Dunque, "finché il pianto è stato appannaggio di una cultura pre-platonica di oralità primaria, il modello del sapere viene spesso associato al modello della sofferenza. L'Agamennone di Eschilo lo dice chiaramente: solo chi soffre sa. Per poter avere la percezione del mondo bisogna saper soffrire, l'apprendistato di dolore serve per piegare il tempo all'avventura conoscitiva". In fondo, prosegue l'antropologa, "tutte le pratiche iniziatiche sono modelli che inducono alla conquista del sapere attraverso la sofferenza. Solo chi piange, rende intellegibile il dolore".
Con Platone e la scrittura non c'è più bisogno di emozionarsi per conoscere
Ma da Platone in poi tutto cambia.
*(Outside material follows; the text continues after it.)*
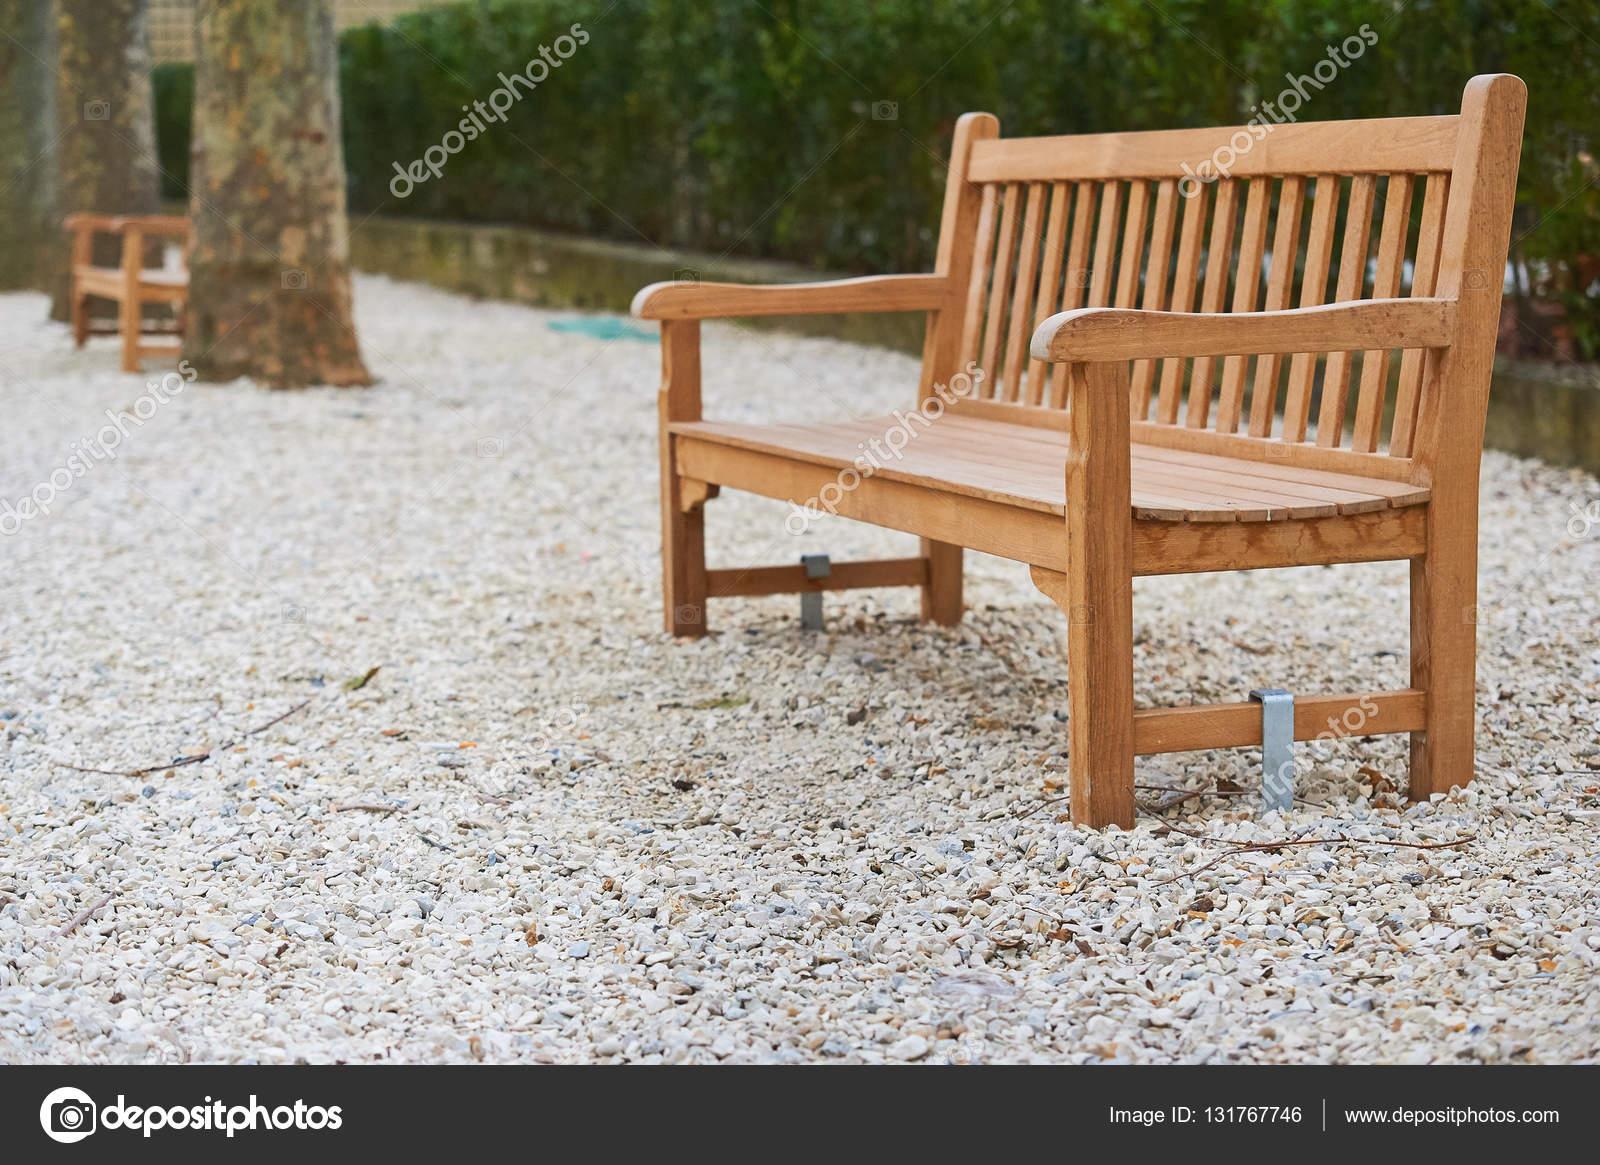 Braunen Holzbänke auf der weißen Boden in Paris Garten — Stockfoto ...

E gli uomini non hanno più diritto alle lacrime. "Platone lo dice: basta veder piangere gli dei e gli eroi", sottolinea Faranda. "C'è la nascita della polis, di un sistema in cui la civiltà di segno androcratico necessita di una nuova immagine del maschile. E c'è l'avvento della scrittura. Il cittadino abbandona il pathos per un comportamento improntato alla misura, all'equilibrio e alla razionalita'". Soprattutto, "si introduce una forma di sapere che può essere consegnata a un sistema di scrittura: la memoria può diventare memoria 'irrigidita', non c'è piu bisogno di emozionarsi per conoscere".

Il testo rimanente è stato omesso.